Round ctr to 2 decimal points. Order the result table by ctr in descending order and by ad_id in ascending order in case of a tie.
The query result format is in the following example:
Ads table:
+-------+---------+---------+
| ad_id | user_id | action |
+-------+---------+---------+
| 1 | 1 | Clicked |
| 2 | 2 | Clicked |
| 3 | 3 | Viewed |
| 5 | 5 | Ignored |
| 1 | 7 | Ignored |
| 2 | 7 | Viewed |
| 3 | 5 | Clicked |
| 1 | 4 | Viewed |
| 2 | 11 | Viewed |
| 1 | 2 | Clicked |
+-------+---------+---------+
Here's a fiddle with the sample data and my attempted solution. Attempted solution reproduced below:
SELECT DISTINCT t.ad_id, ROUND(
IF(
COUNT(c.ad_id) OVER (PARTITION BY t.ad_id) = 0,
0,
COUNT(c.ad_id) OVER (PARTITION BY t.ad_id) * 100 / ( COUNT(c.ad_id) OVER (PARTITION BY t.ad_id) + COUNT(v.ad_id) OVER (PARTITION BY t.ad_id) )
), 2) as ctr
FROM Ads as t
LEFT JOIN Ads as c ON c.ad_id=t.ad_id AND c.user_id=t.user_id AND c.action='Clicked'
LEFT JOIN Ads as v ON v.ad_id=t.ad_id AND v.user_id=t.user_id AND v.action='Viewed'
GROUP BY t.ad_id, c.ad_id, v.ad_id
ORDER BY ctr DESC, t.ad_id
Result from this query:
ad_id ctr
1 50.00
2 50.00
3 50.00
5 0.00
The correct result should show:
ad_id ctr
1, 66.67
3, 50.00
2, 33.33
5, 0.00
From looking at the sample data, my guess is that COUNT() is not in fact partitioning by t.ad_id as I'd expect. The 50% CTR results can be explained by my CTR calc counting all 'Clicked' and all 'Viewed' instances in its calculation. (On the other hand, removing the OVER statements inside the CTR calculation - JUST the calculation, not the condition - doesn't produce the results above, as my hypothesis would suggest. So I'm not sure about this.)

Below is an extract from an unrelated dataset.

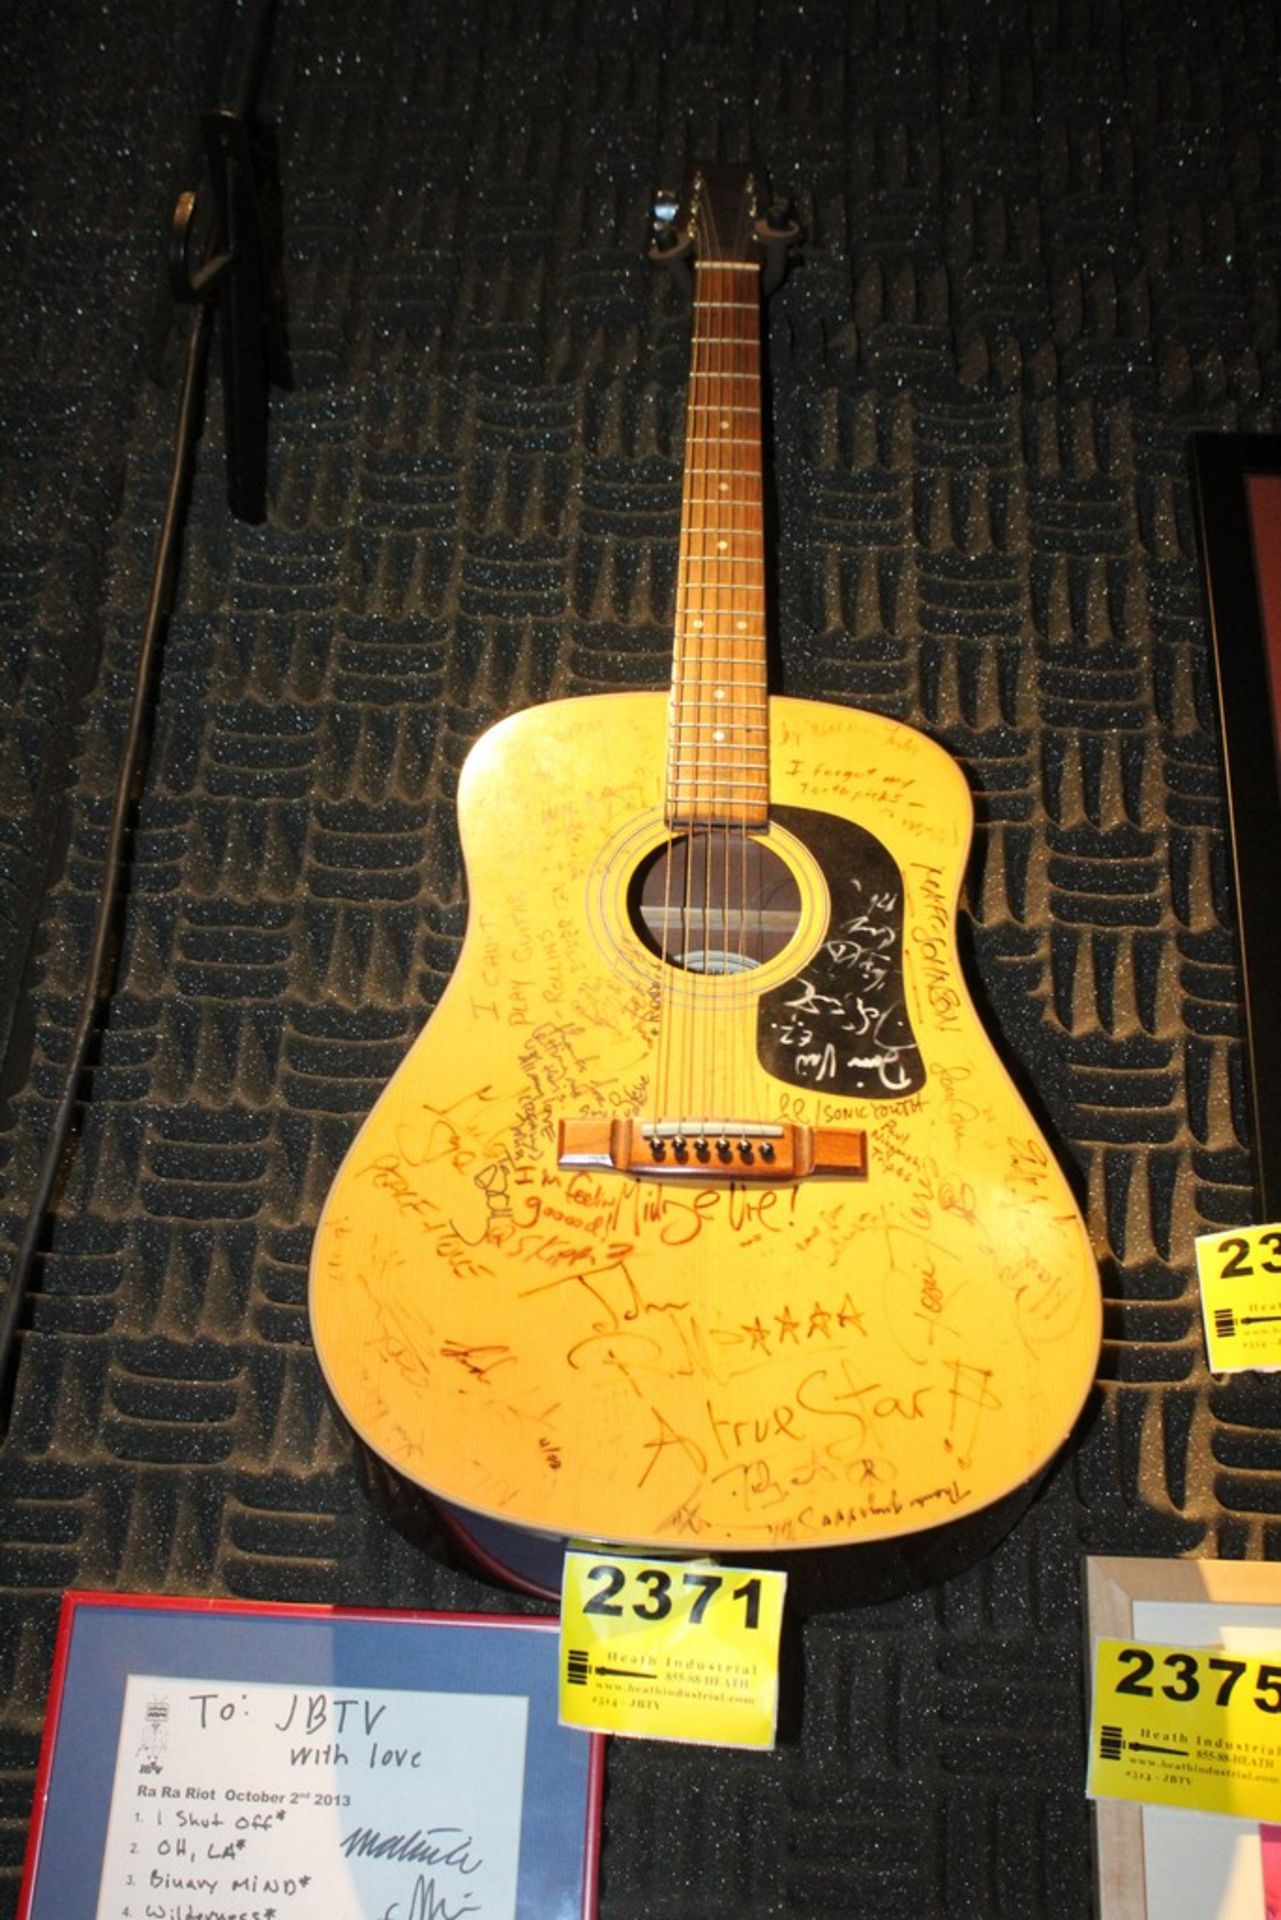 Signed Acoustic Guitar- Henry Rollins, Members of Sonic Youth, Members of Thin Lizzy

Is there something wrong with the way I'm using OVER? Is my logic flawed here?
Also, I have a bonus question: I'm choosing to use a JOIN here because I'm assuming that JOIN is faster than using subqueries. Is this a fair assumption? I'm studying for a Data Analyst 1 interview - do you think the interviewer will even care if I use a JOIN vs subquery?
Edit: Thanks to forpas' explanations, I was able to come up with a much simpler solution than my original. I think forpas' solution in his answer below may still be preferable since it explicitly deals with NULLs in the table.
SELECT ad_id, ROUND(IF(
SUM(action='Clicked') = 0,
0,
SUM(action='Clicked') * 100 / ( SUM(action='Clicked') + SUM(action='Viewed'))
), 2) as ctr
FROM Ads
GROUP BY ad_id
ORDER BY ctr DESC, ad_id